▸ **Recorded information**:
= = = = = = =

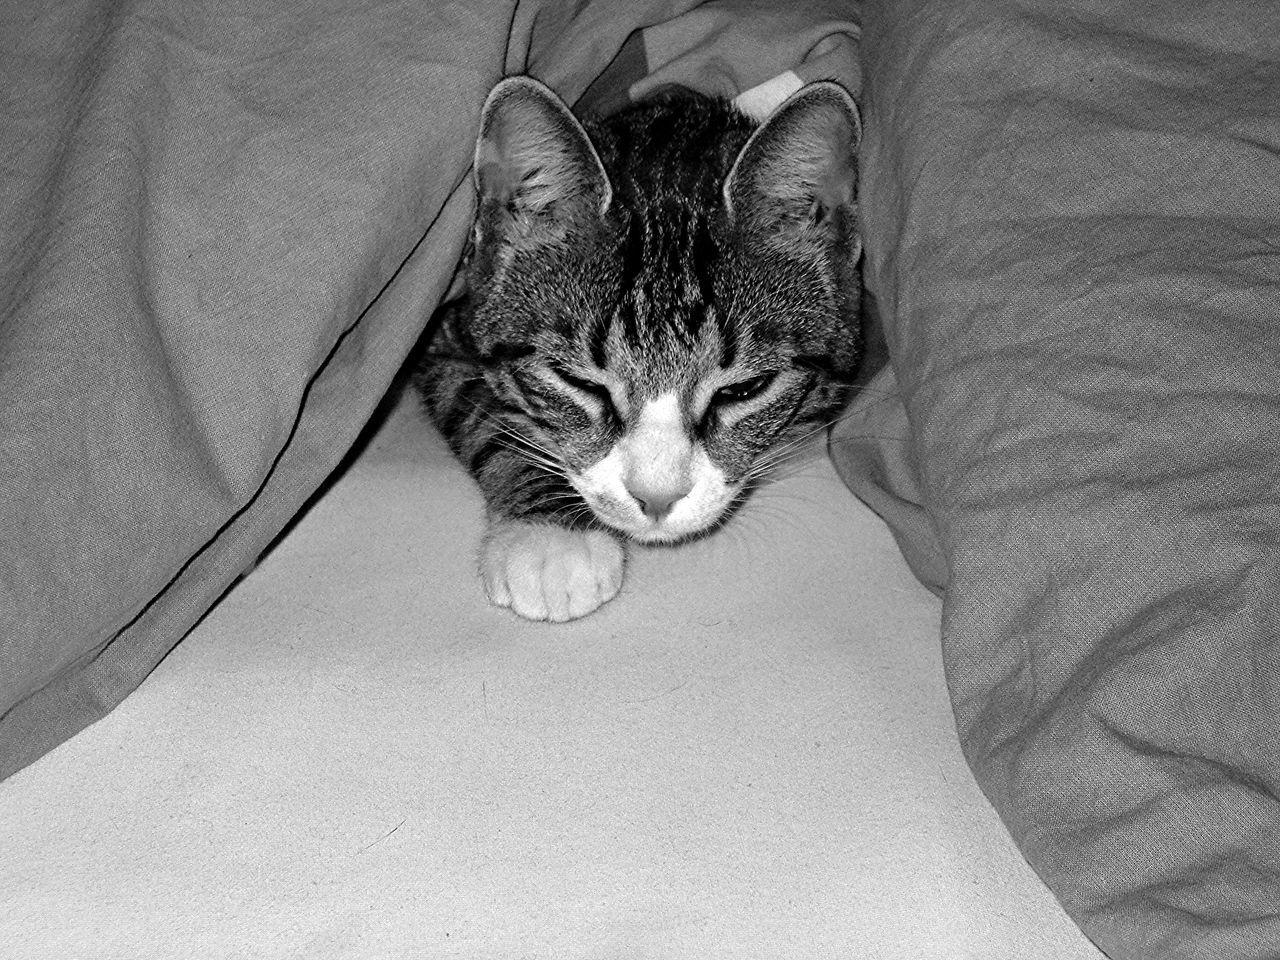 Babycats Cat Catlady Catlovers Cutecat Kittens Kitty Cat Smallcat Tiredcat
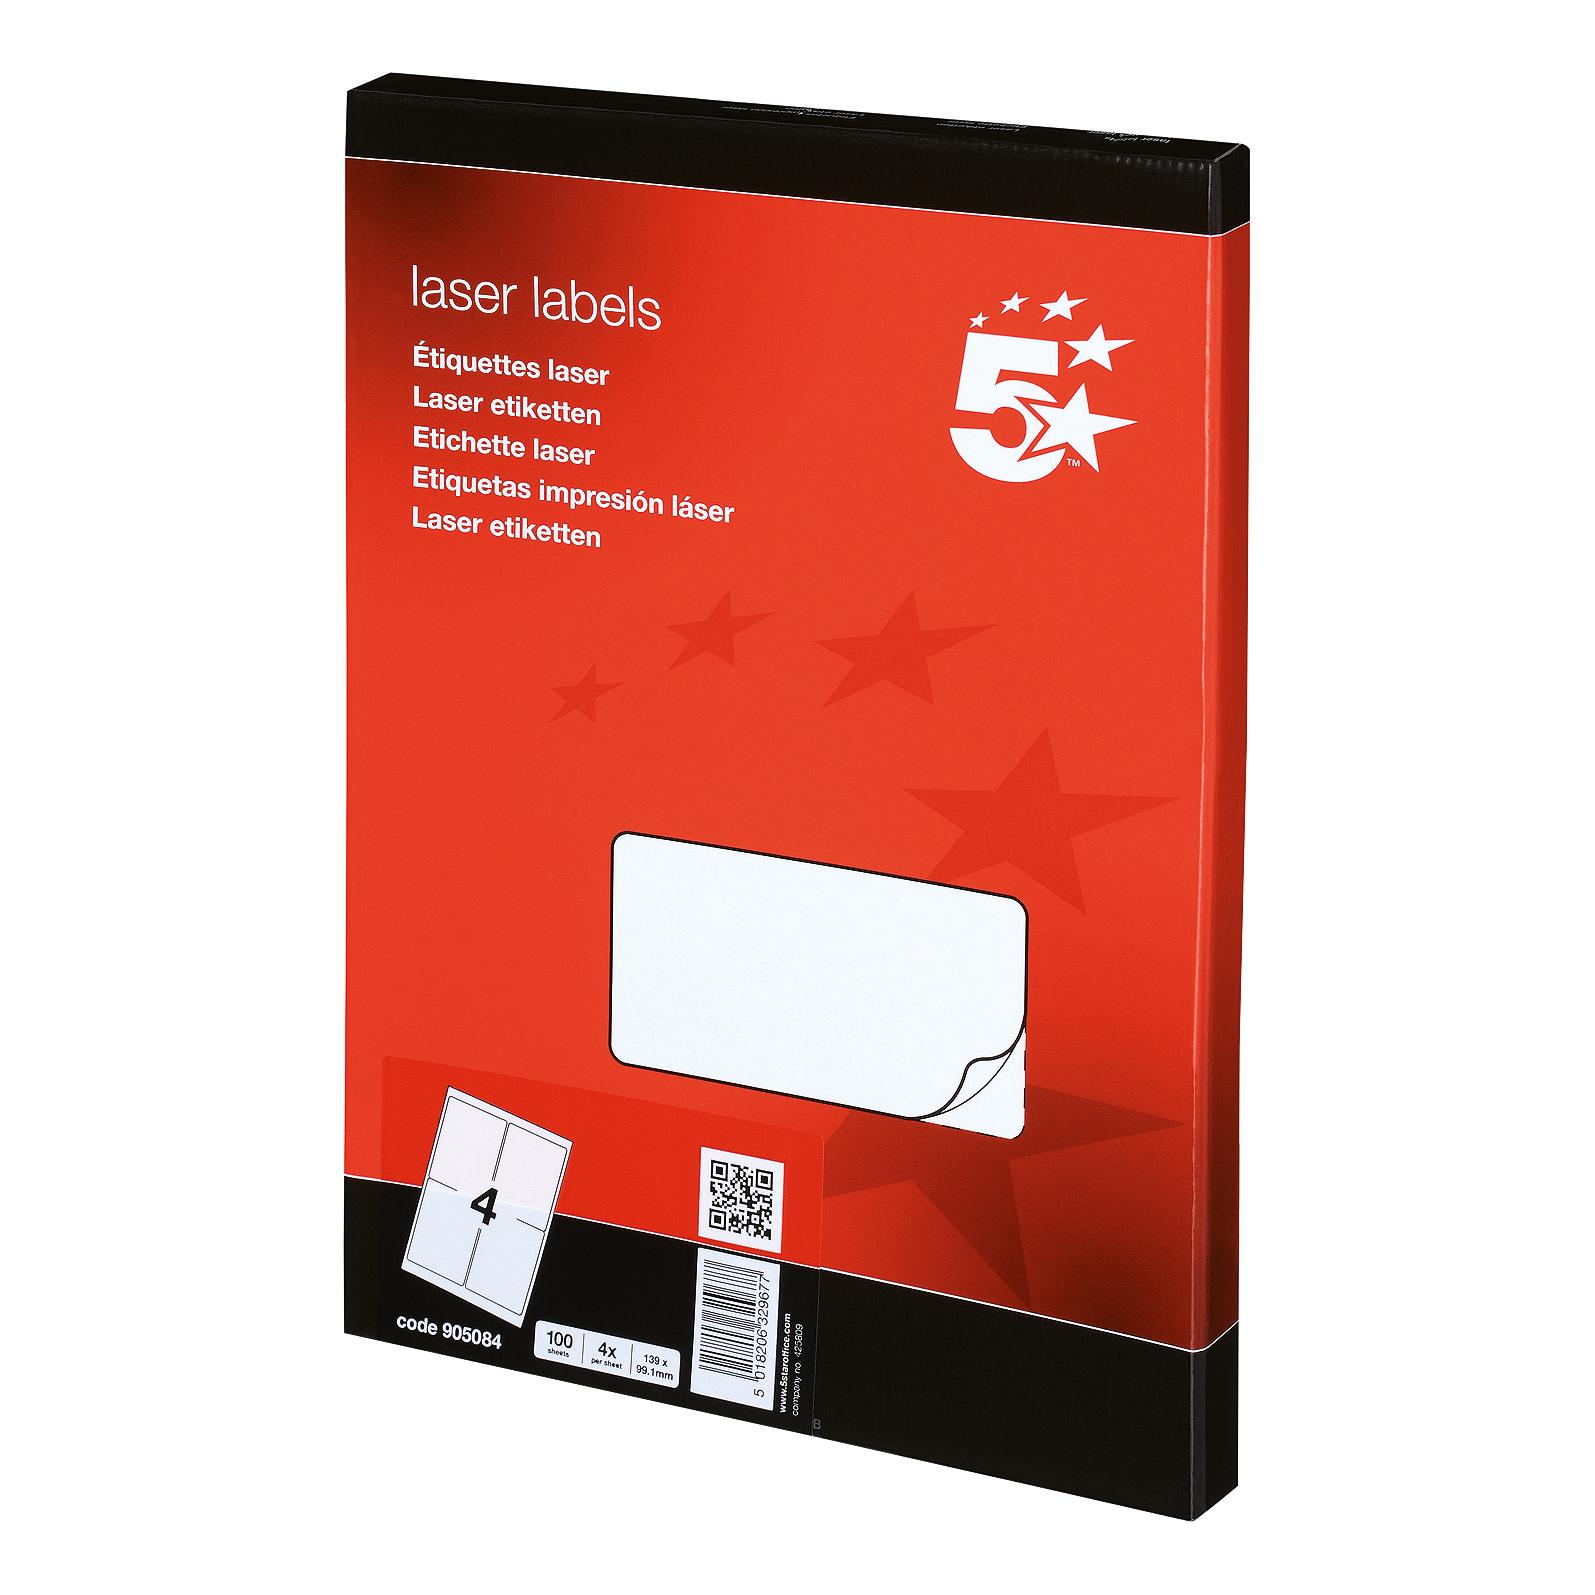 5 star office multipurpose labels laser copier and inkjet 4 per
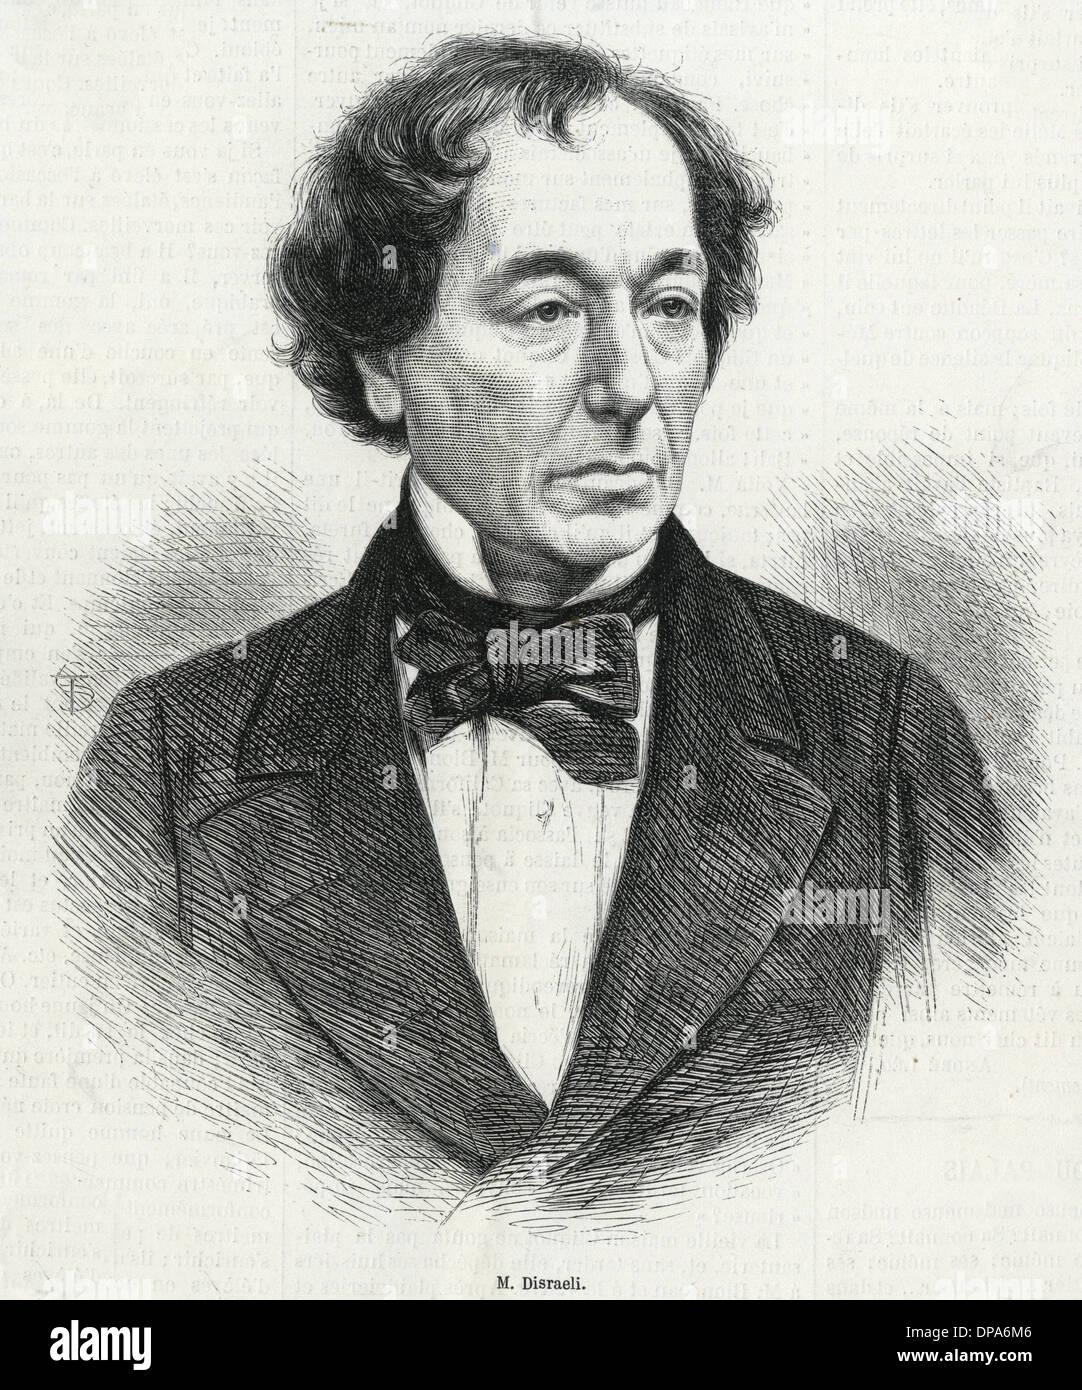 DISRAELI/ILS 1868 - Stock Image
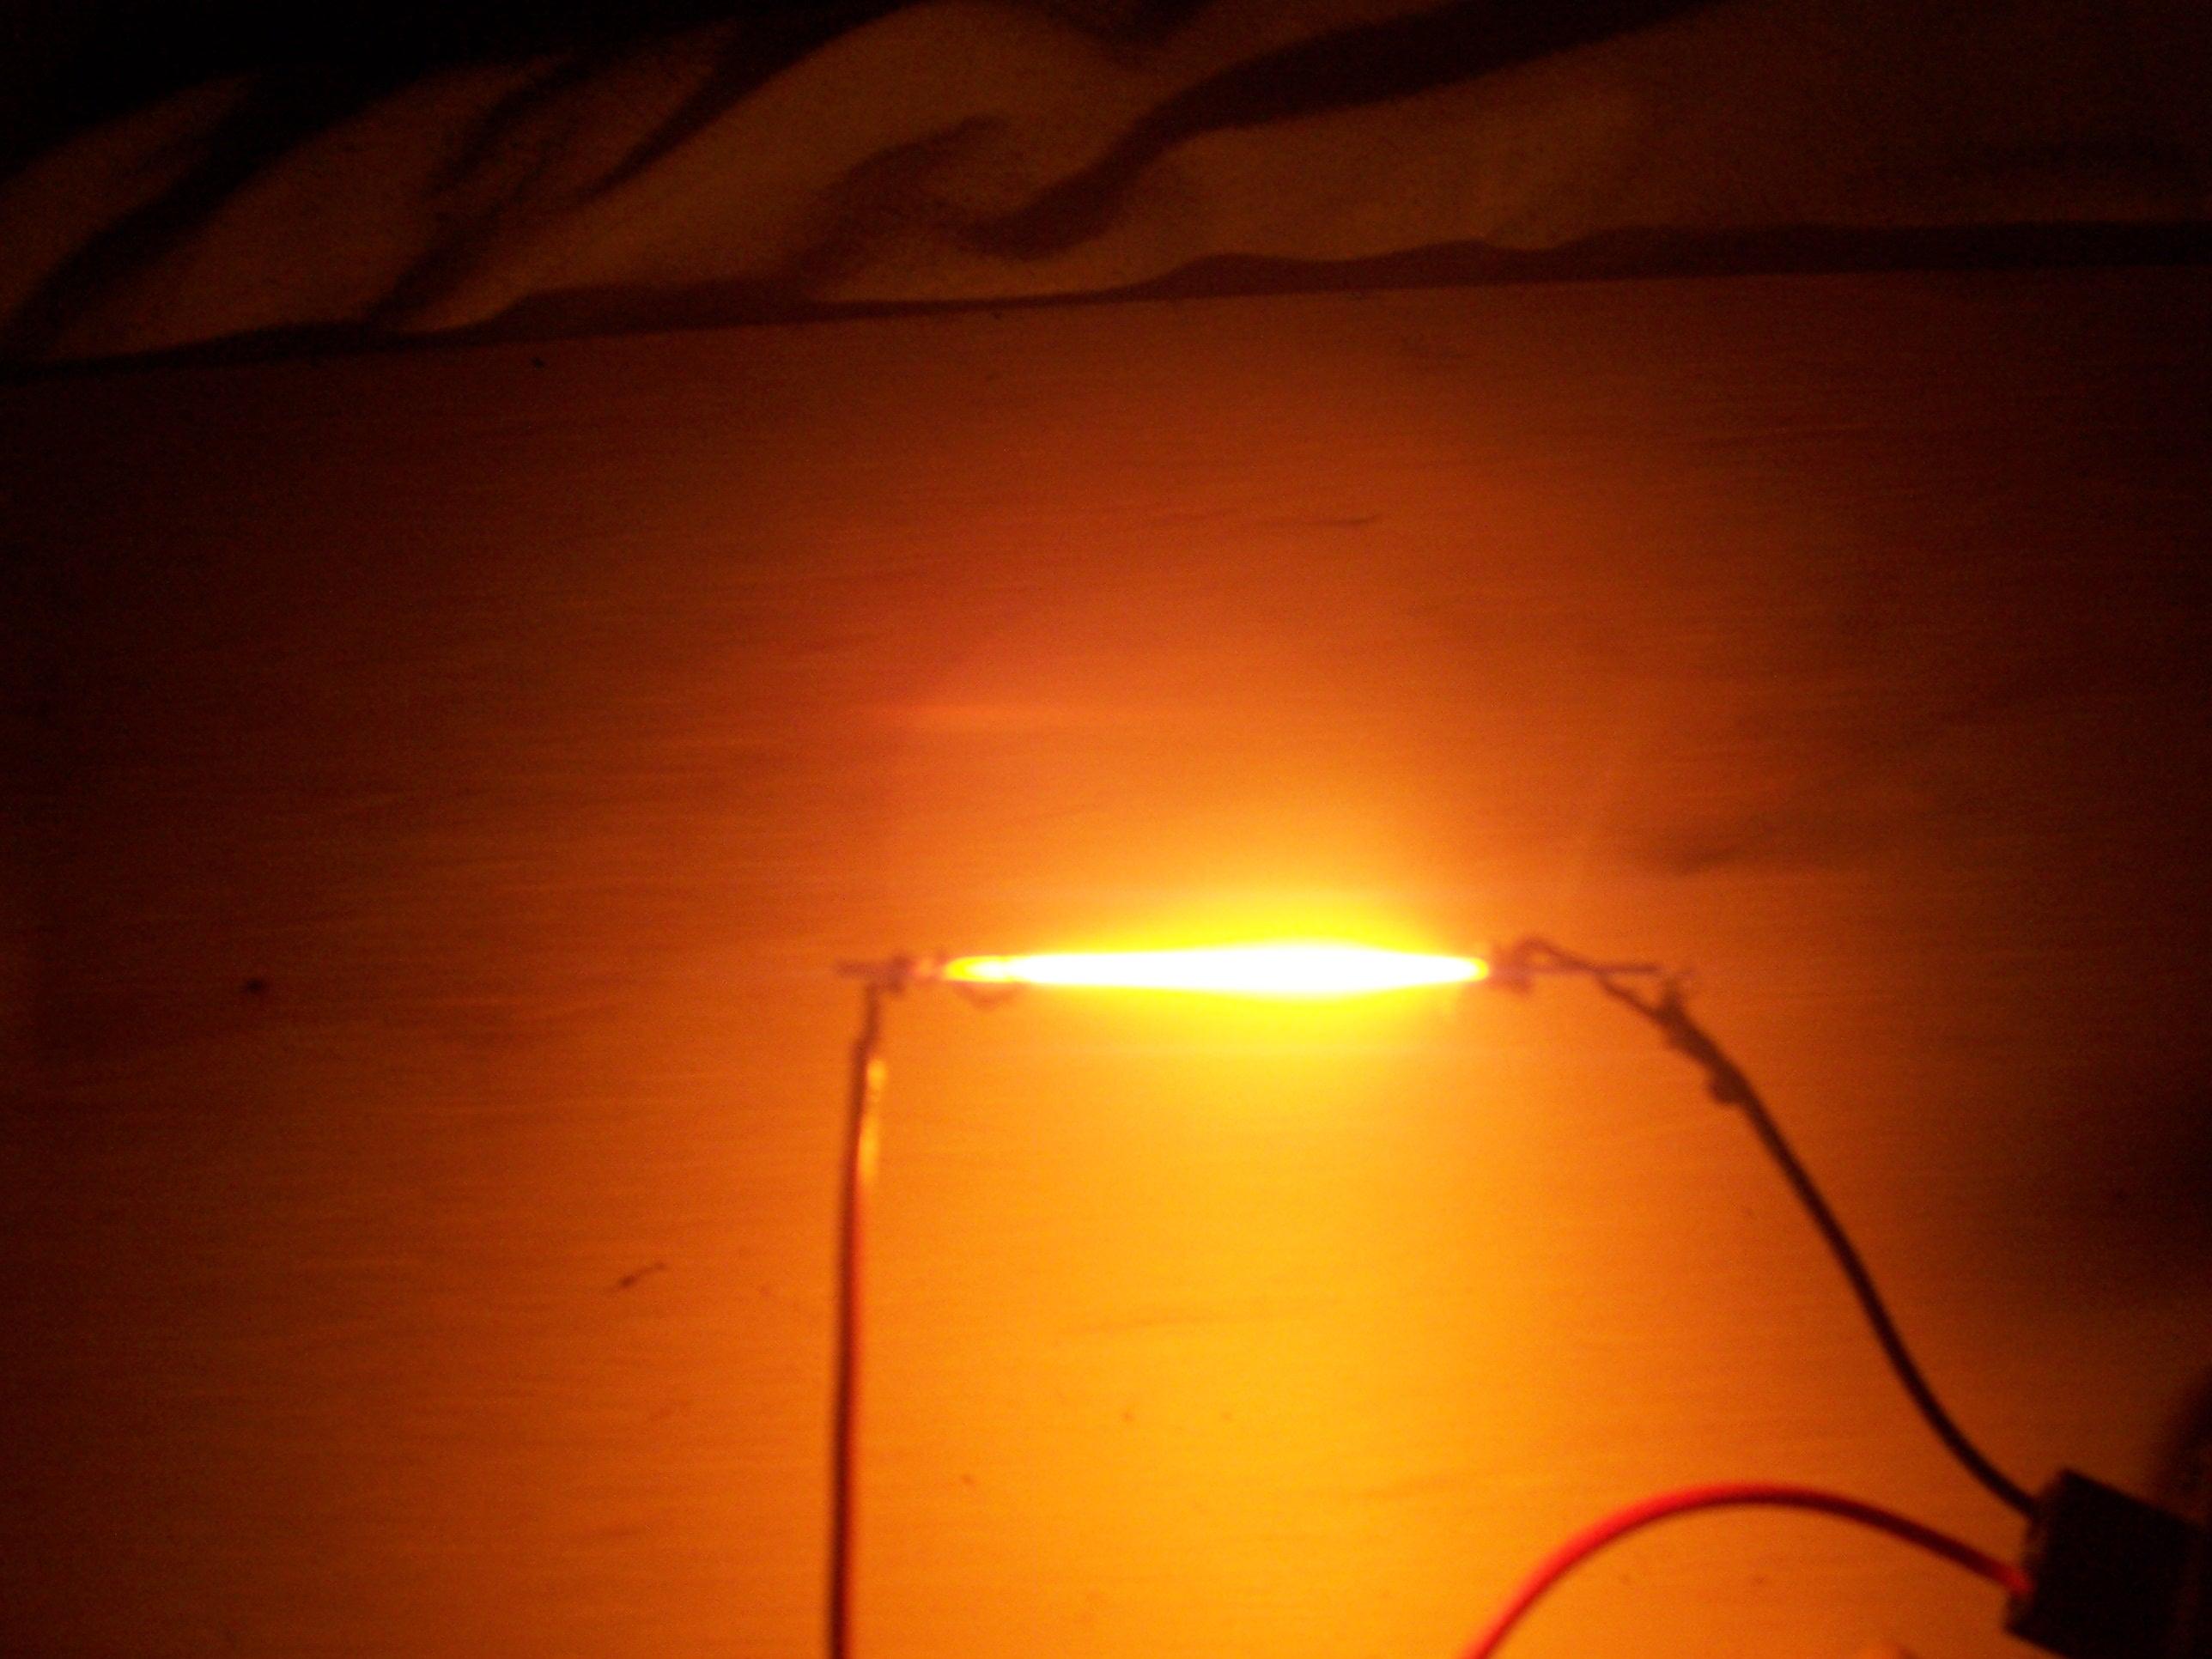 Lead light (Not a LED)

= = = = = = =

▸ **What is needed**:
The whole listing above should be restated word for word, minus any images.

▸ **Exercise solution**:
 Babycats Cat Catlady Catlovers Cutecat Kittens Kitty Cat Smallcat Tiredcat
 5 star office multipurpose labels laser copier and inkjet 4 per
 DISRAELI/ILS 1868 - Stock Image
 Lead light (Not a LED)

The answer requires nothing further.